Lesson 8: The Gospel
This one is late because I was caught off guard. I thought it would be easy to dash something off quickly, then I sent last week’s short essay to a list of people with a paragraph that included “Remember all four (gospels) were written before the Copernican revolution. Let me look next week at ways we define the Gospel after that great change. For instance, possible ways we might define heaven now.”
I immediately received all sorts of comments about my use of the word “heaven.” They chided me for talking about the gospel as something that happens after we die and describing that as going to someplace called heaven. Although this was done with humor, fully understanding that is not at all what I meant, my friends used the situation to express dissatisfaction with the Church focusing its message on some other time or place. For instance, they would cite some poetic saying the Church uses when someone dies as meaning nothing at all. Although no one said it, I sensed people not only questioned the reality of hell but also heaven.
That led me first to realize I could not casually talk as if we have handled the Copernican Revolution. The New Testament used the scientific concepts of the first century that pictured the universe as concentric spheres with humans occupying the earth at the center and God and his angels in heaven at the outermost ring. I don’t think anyone in our modern scientific age really thinks there is such a place anymore. Yet, we still talk about the Gospel as a promise that we will get to heaven after we die if we are good or have faith in Jesus.
But perhaps even more importantly, I realized when we do use first-century concepts, we also completely miss what Paul and the four evangelists meant by the Gospel. The good news they proclaimed was that Jesus of Nazareth acting with divine power started the Kingdom of God 2000 years ago. They were talking more about God sharing a special kind of community with us rather than a place.

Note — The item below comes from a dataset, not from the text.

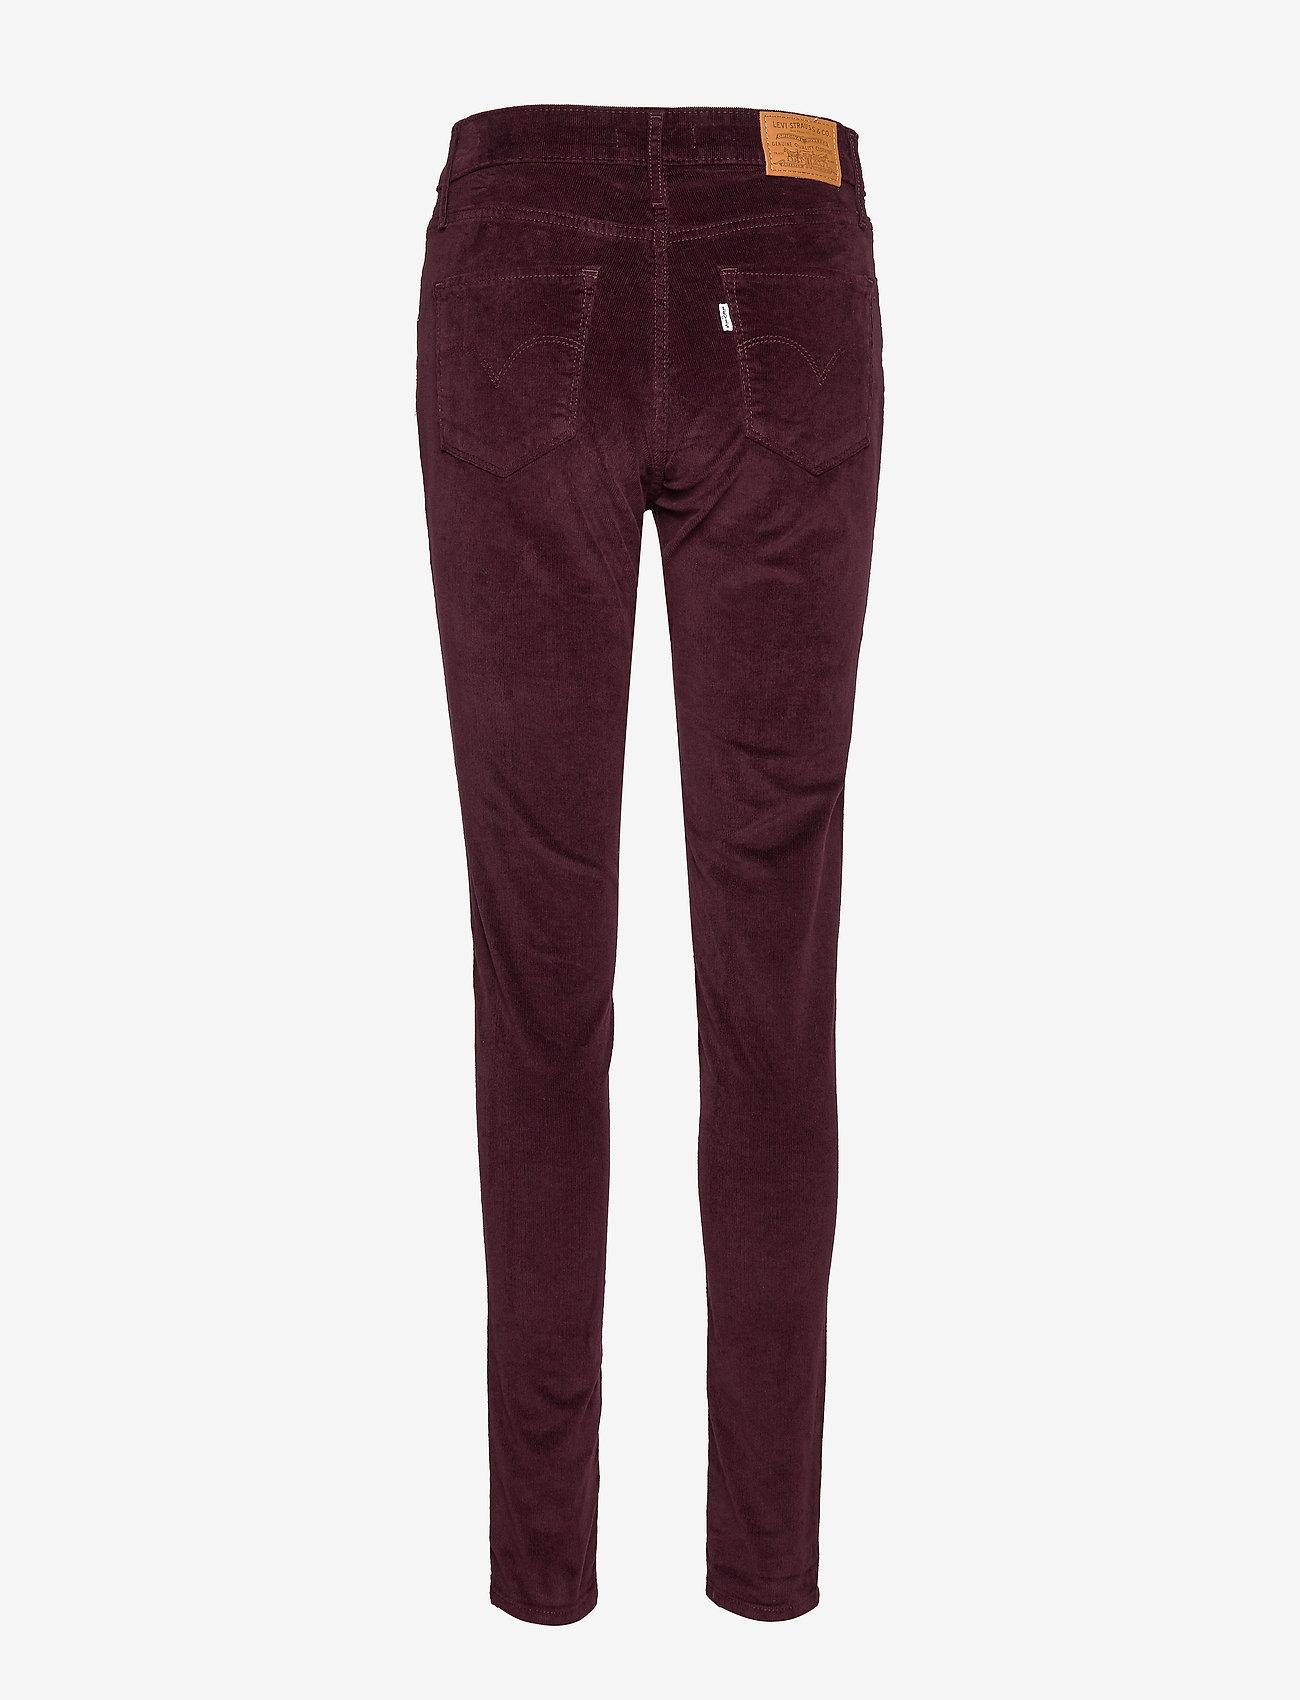 LEVI´S Women - 721 HIGH RISE SKINNY MALBEC LU - broeken med skinny fit - reds - 1
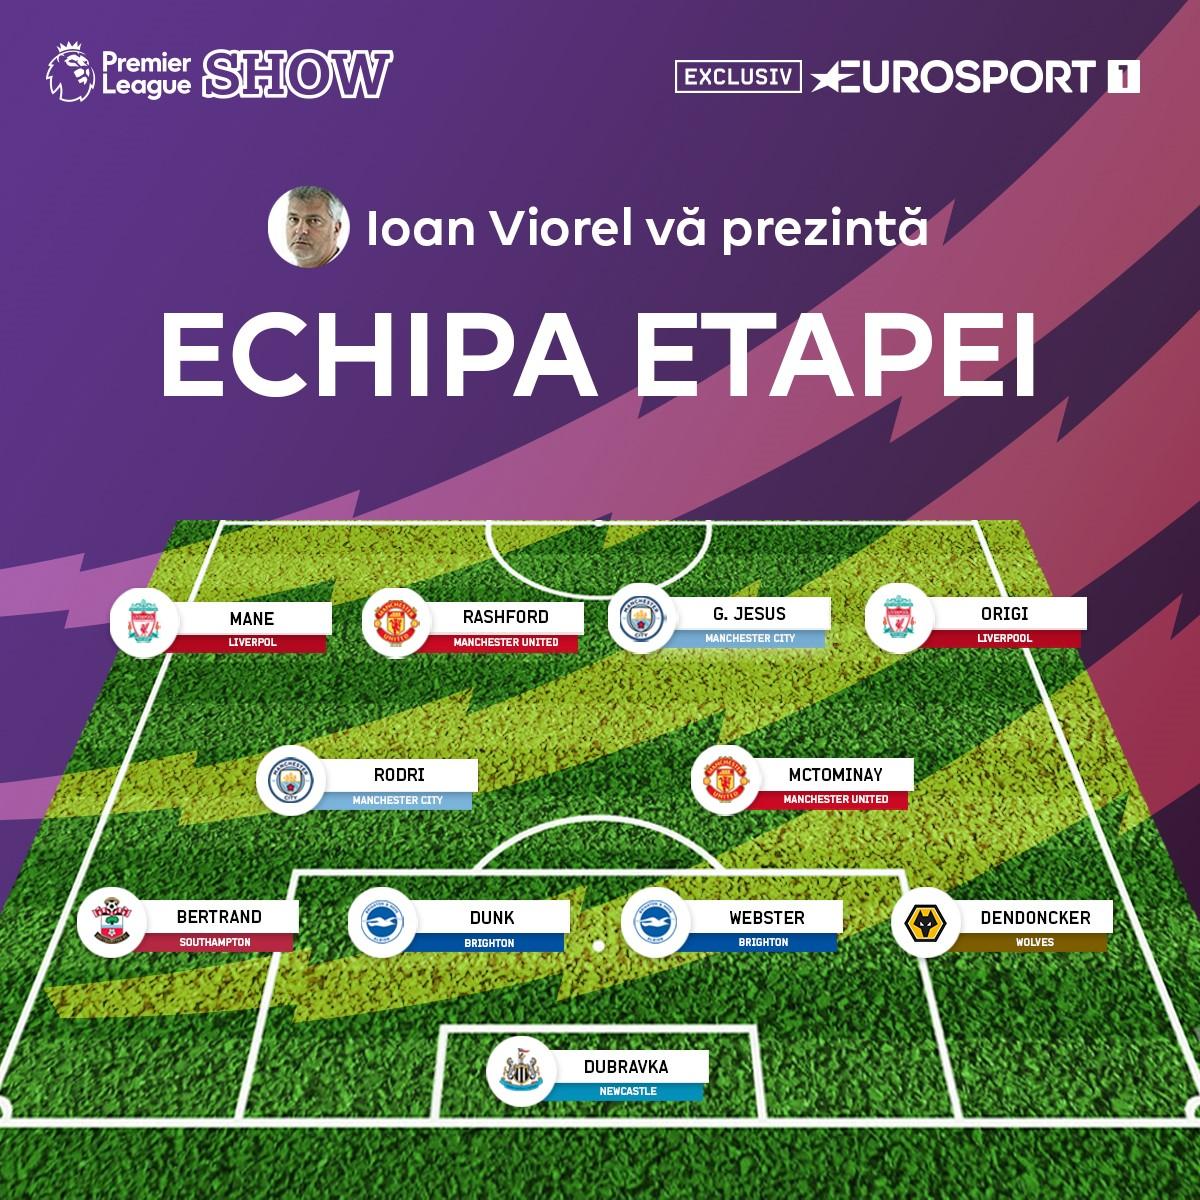 https://i.eurosport.com/2019/12/06/2731008.jpg

Sometimes the message was compressed into “God raised Jesus from the dead after the political and religious establishment executed him.” The Idea was that the crucifixion did not remove God’s presence among his people. Jesus’ kind of community is still possible. If we make the resurrection into something that only makes it possible to be with God after we die, we miss the point. Worldly authorities do not execute people for talking about something that happens in another world after death.
I’m not sure why I used “heaven” instead of the “Kingdom of God.” I guess I was thinking about the need to translate first-century concepts into 21st-century ones after Copernicus. Maybe I thought I could do something like Dante who used his Church’s concepts of the inferno, purgatory, and paradise to comment on his contemporary society. I really can’t remember what was going on in my head. However, when I received my friends’ critiques, it seemed to be a bad idea as the word comes with too many implications.
However, now I think it might have been a fortunate mistake. It certainly brought out the difficulty of putting the Gospel into contemporary language. It also revealed the problems some of my friends have with the way the Church is doing it.
In the coming weeks, I’ll try to examine the Gospel as a message about the community God calls his people to establish in our world.